Introduction

Linux Kernel Core Extractor, lkce, is a program included in the oled-tools package that will automatically extract important information from a kernel vmcore when one is created during a kernel panic from the kexec environment. A vmcore is a crash dump file that may be generated when there is a kernel crash. It contains a snapshot of the system’s memory at the time of the kernel panic and can be used during post-mortem debugging to identify the root cause of the crash.

In addition to being able to run from the kexec environment, lkcecan also manually run commands against an existing vmcore file during normal system operation.

lkce has two modes it can run under: corelens (recommended) and crash (legacy).

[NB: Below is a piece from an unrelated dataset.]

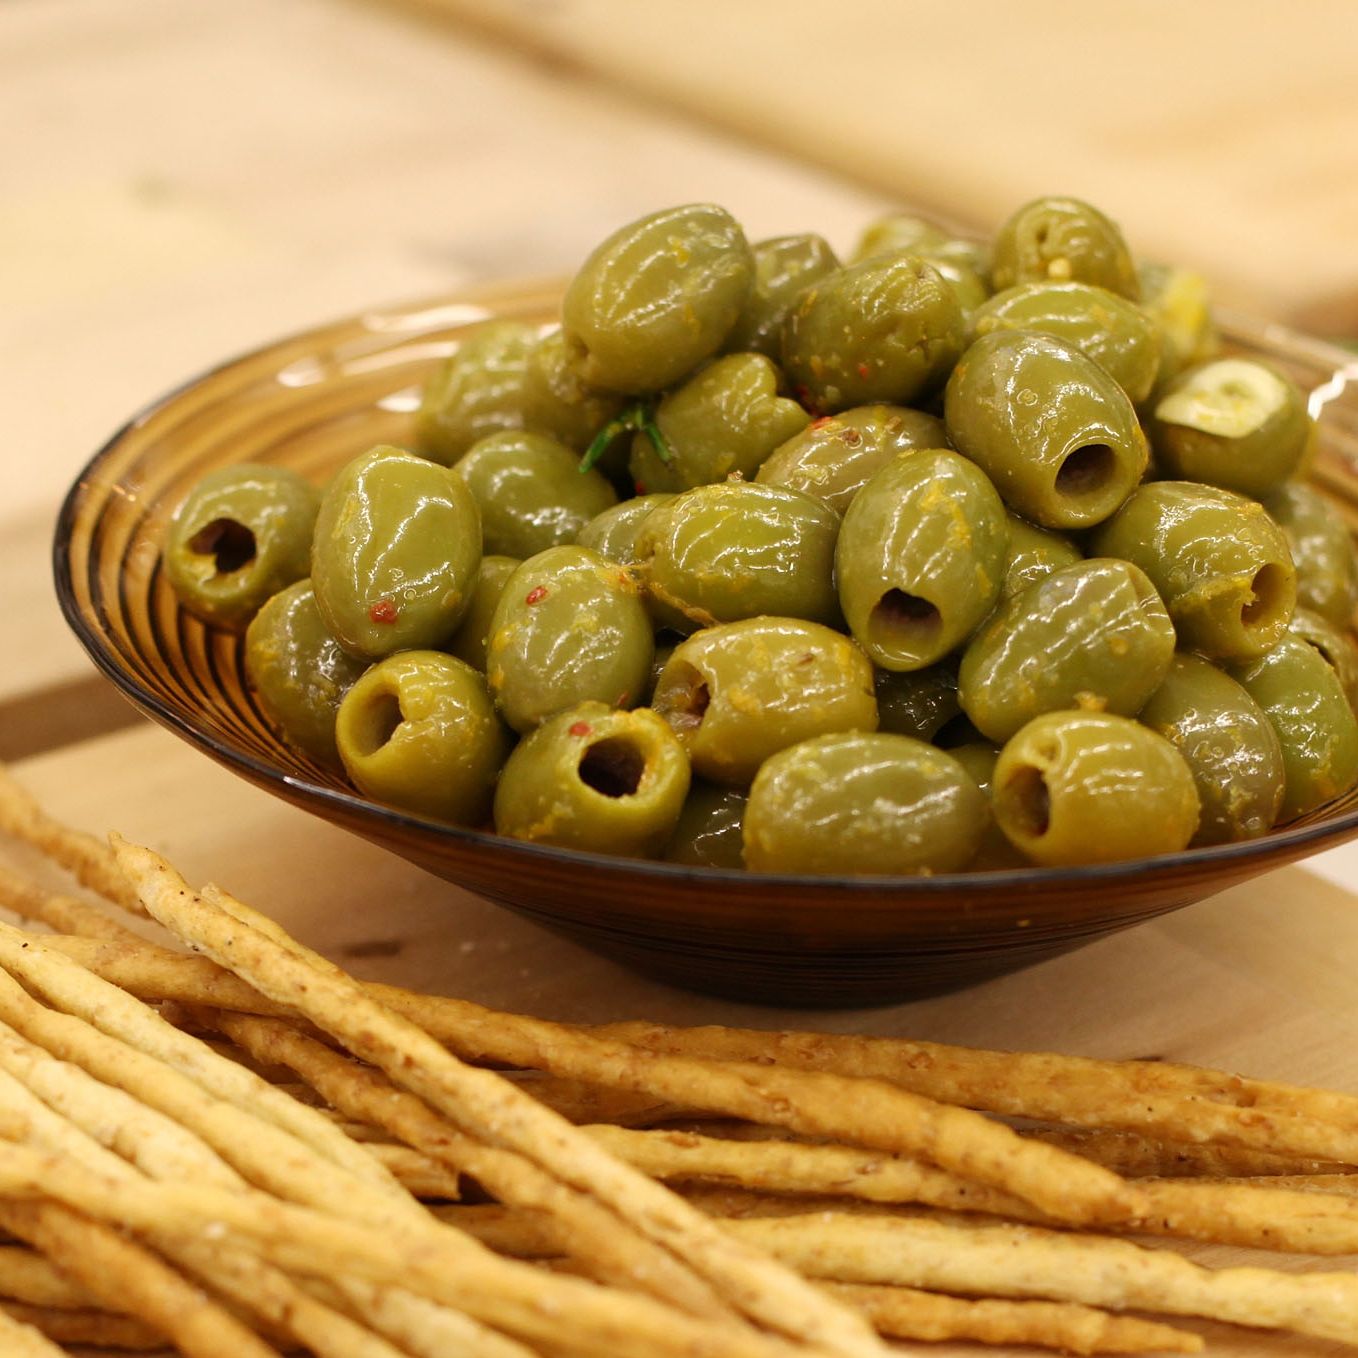 Гръцки плодове и зеленчуци, зехтин и риба вече били сред доминиращите стоки на българския пазар

In this blog, we will only discuss corelens, as the crash functionality is likely to be deprecated in the future.

Some customers find it difficult to upload large vmcore files to Oracle Support. These files often have to be split into smaller files, uploaded, and then reassembled. This can lead to errors and a delay in root cause analysis. lkce can provide some necessary diagnostic information that lessens the need for uploading the vmcore file. It is important to note that there are still circumstances where we will need the vmcore file uploaded. Some bugs require a deeper dive, or the use of other tools like drgn.

Restrictions

DWARF debugging symbols are used when kernel debuginfo packages are installed. When using DWARF debugging symbols, at least 768MB of memory should be available in the kexec environment. You can ensure at least 768MB is available by setting crashkernel=1G on the kernel command line via the /etc/grub2-efi.cfg file.

Installation

oled-tools

For installation instructions please see Oracle Linux Enhanced Diagnostics.

Configuration

kdump

First things first, ensure that kdump is configured, tested, and working. Note that for lkce we recommend you set crashkernel=512M unless using DWARF debug symbols, in which case, the recommendation in the Restrictions section above should be followed. crashkernel=auto is not recommended.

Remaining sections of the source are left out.